At the time, the experimenter concluded that the plant was almost entirely made of water - because it took up almost no soil - but now we know that the atmosphere is the major source of the matter of the plant
Might be worth noting that when you burn wood you effectively reverse the process of the tree’s growth, producing energy, CO2 and some water. The ash that’s left behind is mostly the fraction of the wood that didn’t come from the air. Googling suggests this varies with the species and is typically around 1 to 2 percent.
Not just by burning wood. Anytime you exhale, you’re losing mass by adding a C to each O2.
Obligatory xkcd link
Plants also require several macronutrients for growth, plus another 10 or so minerals, which they get from the soil. However, these are needed in much smaller quantities. The major nutrients are nitrogen, phosphorus, potassium, calcium, magnesium, and sulfur. Of these, most nitrogen ultimately comes from the air, although it first has to be “fixed” and changed from N2 to a form that plants can use by atmospheric, chemical, or biological processes.
I would’ve thought more than 50%. When I was building my house, fresh cut logs felt like they weighed 1/2 a ton. When completely dry, I could pick up one end with one hand.
I sense a new diet craze! We’ll call it Heavy Breathing.
No. Better make that “Light Breathing.”
Not much. An adult human at rest uses about 100 watts of power.
Carbon’s higher heating value is 32.8 million joules per kilogram.
So you burn about 3 micrograms of carbon per second.
About fifteen breaths per minute, so one every four seconds, so each exhaled breath contains about 12 micrograms of carbon.

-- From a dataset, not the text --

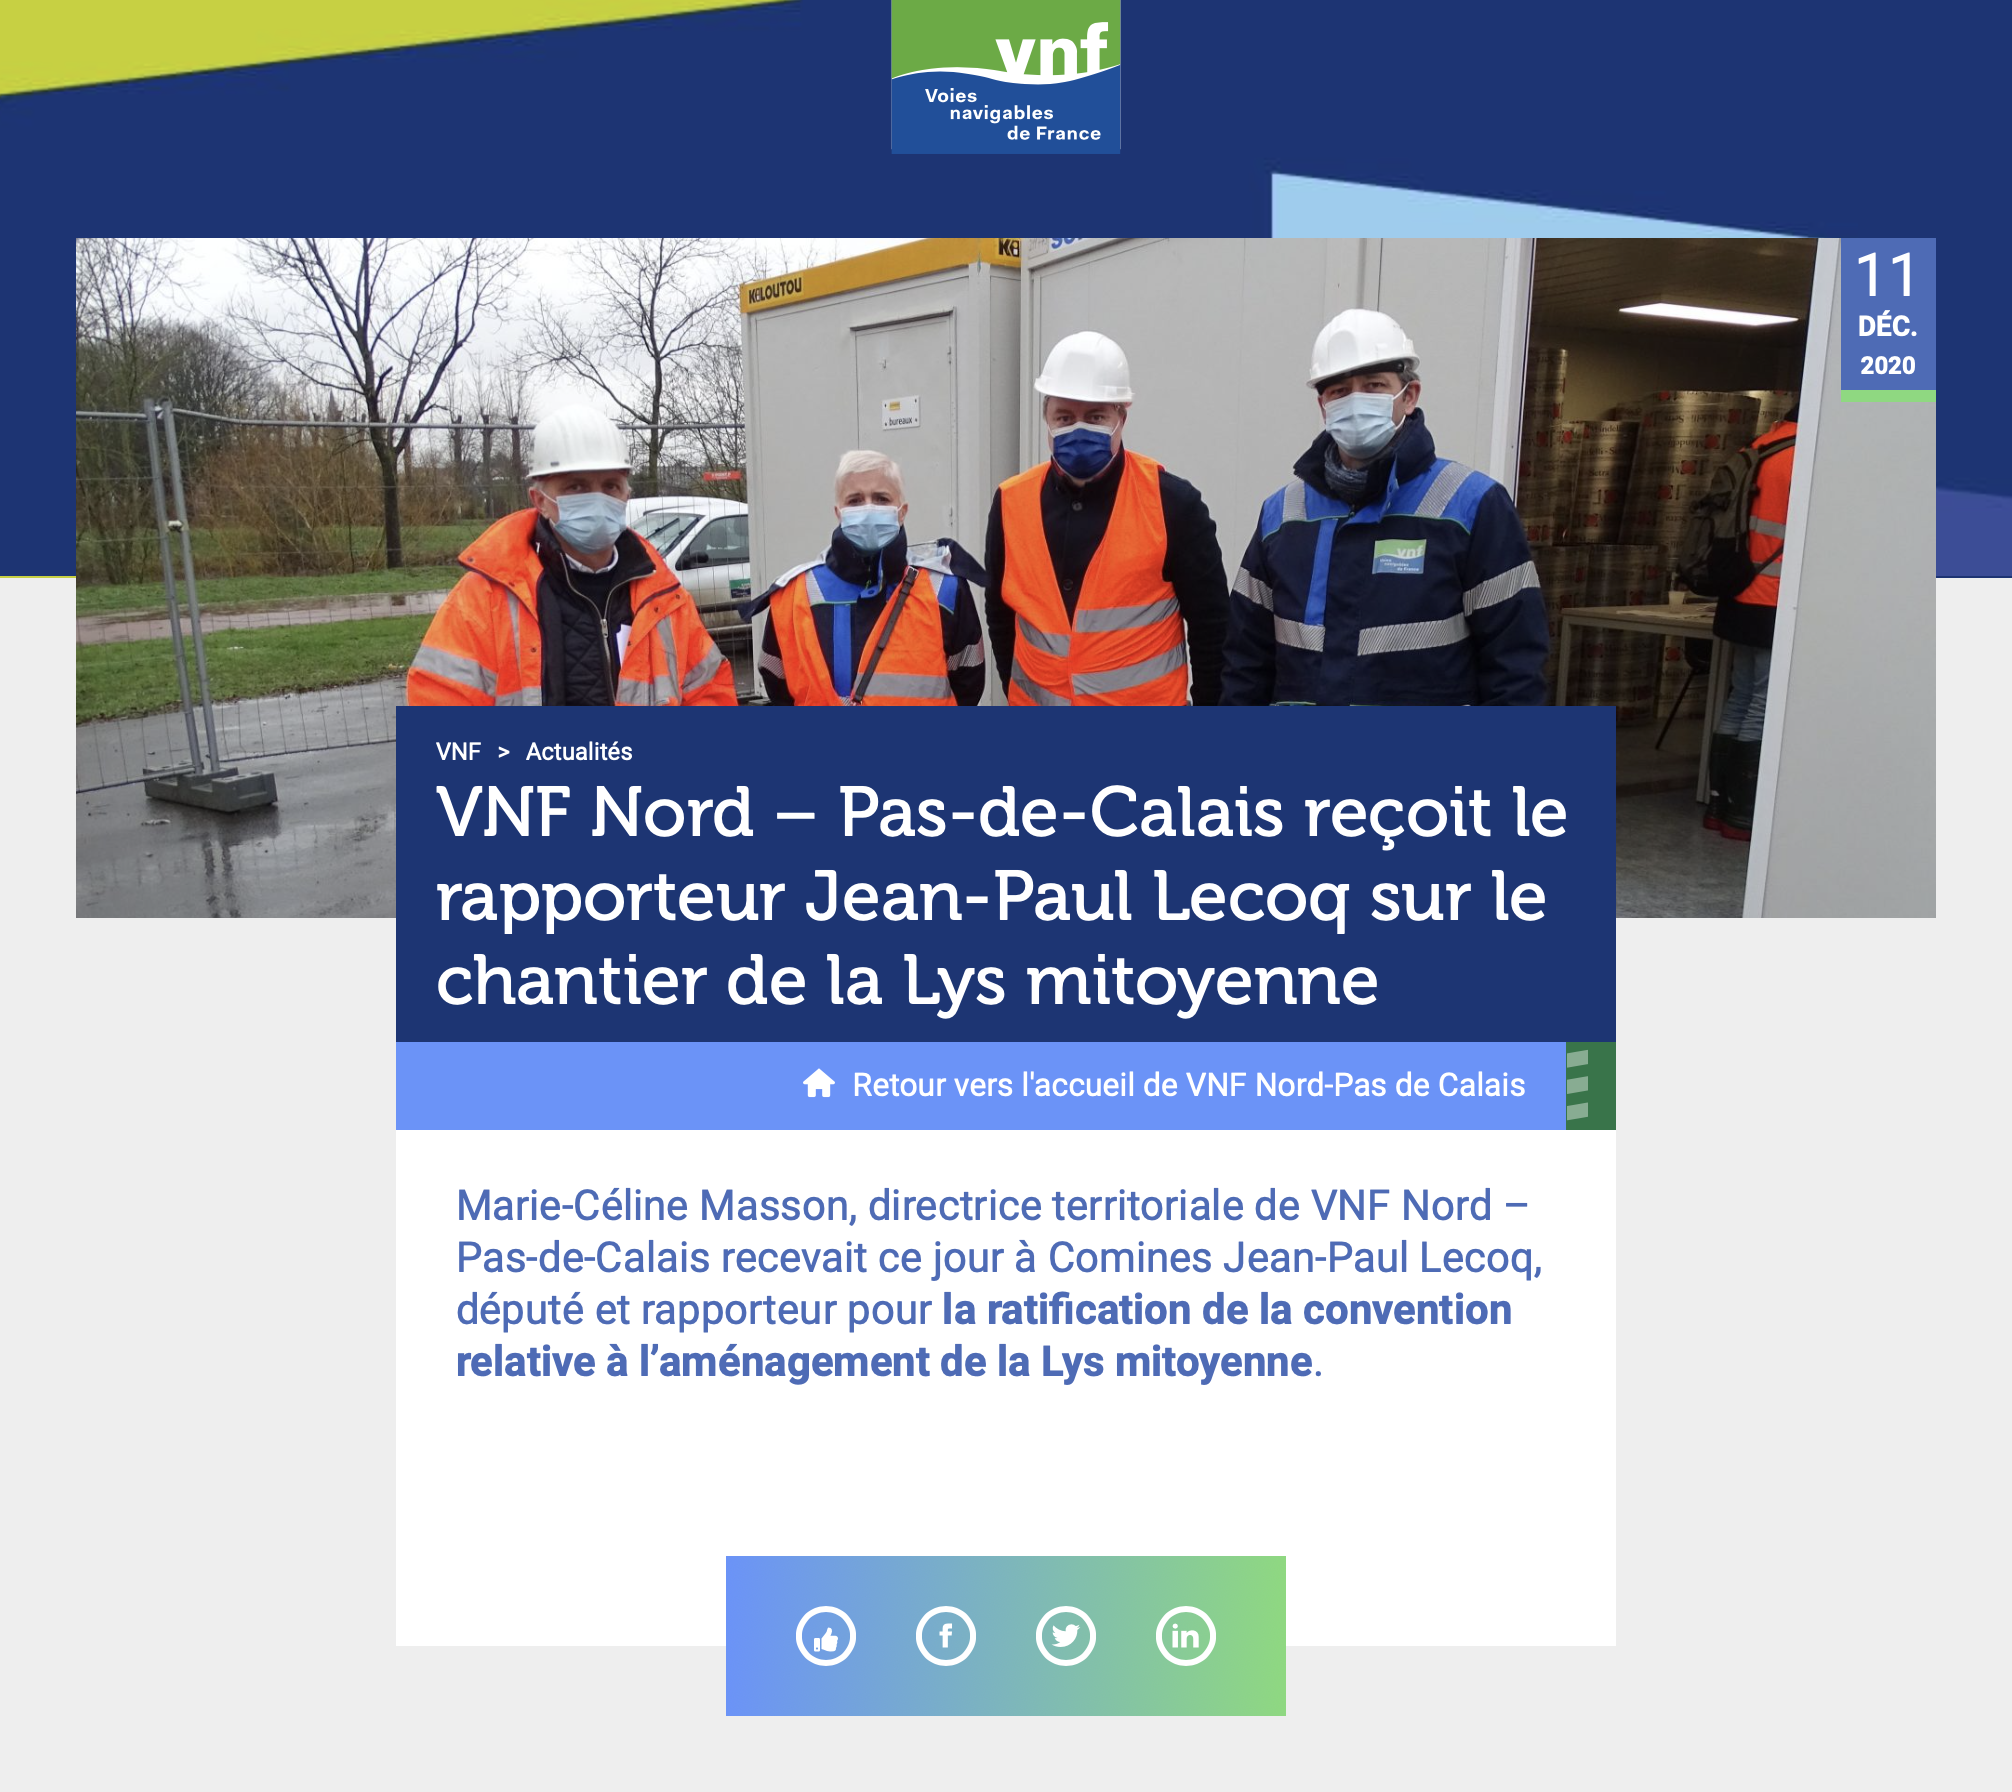 VNF Nord - Pas-de-Calais reçoit le rapporteur Jean-Paul Lecoq sur le chantier de la Lys mitoyenne - VNF {HTML}
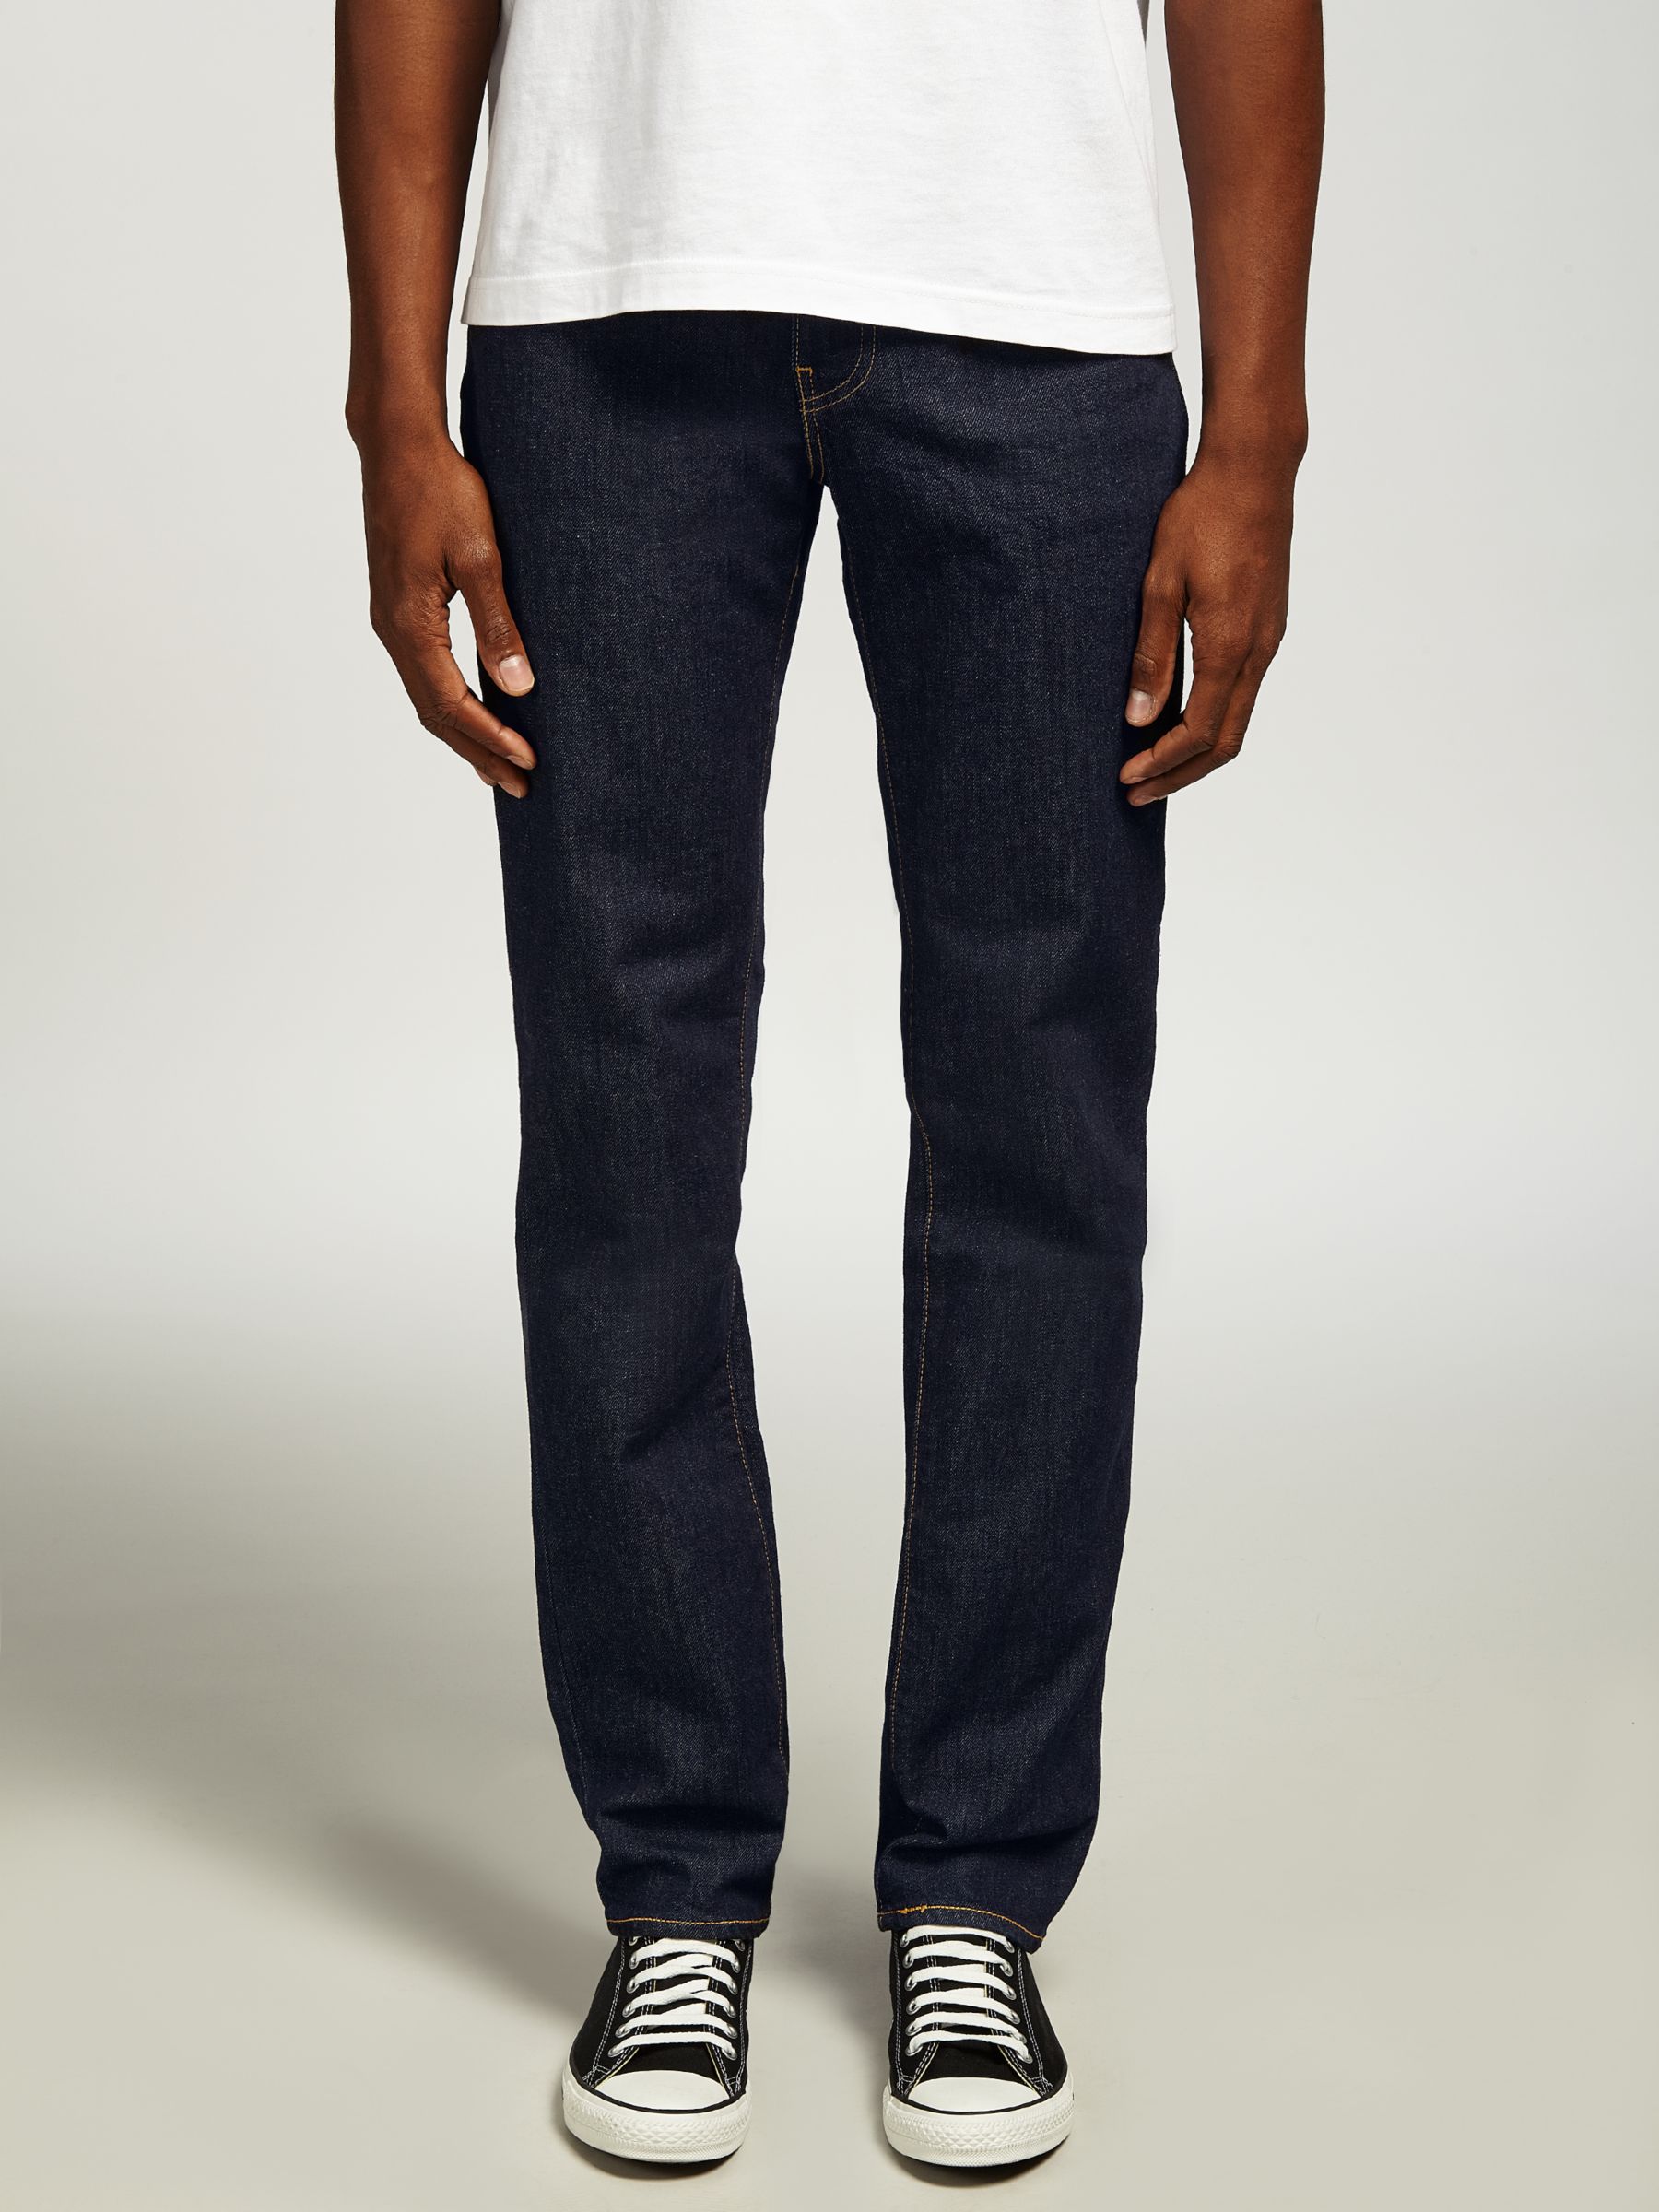 Men's Levi's Jeans | John Lewis & Partners

Math might be a bit different since we’re actually metabolizing sugar/fat/protein instead of burning graphite, but it’s probably in the same order of magnitude.
That doesn’t seem right.
Let me try some simple math. Astronauts use about 0.84 kg of O2 per day. That’s about (0.84 kg) * (1000 g/kg) / (2 * 16 g/mol) * (12 g/mol) = 315 g of C per day. Or about 14 mg of C per breath, which is about four orders of magnitude larger than your estimate.
I think the difference between burning atomic C and metabolizing organic carbon is large.
This article How Fat Is Lost from the Body | Live Science claims
The researchers showed that during weight loss, 84 percent of the fat that is lost turns into carbon dioxide and leaves the body through the lungs, whereas the remaining 16 percent becomes water, according to the study published today (Dec. 16) in a special Christmas issue of the medical journal BMJ.
“These results show that the lungs are the primary excretory organ for weight loss. The water formed may be excreted in the urine, feces, sweat, breath, tears or other bodily fluids, and is readily replenished,” the researchers said.
I have to admit, my estimate seemed suspiciously small, and your approach (starting with how much O2 a body uses per day) seems sound. And of course your result is reasonable: 315 grams of carbon equates to 787 grams of glucose, which by itself will get you through a day… But I’m at a loss for how understand why my approach was so far off. The heat of combustion for carbon, glucose, and fat are all in the same order of magnitude; if you oxidize X grams of fuel, you get Y joules of heat. If a resting adult makes 2.4 kilowatt-hours of heat in a day, that would seem to set an upper bound on how much fuel is being oxidized in that period.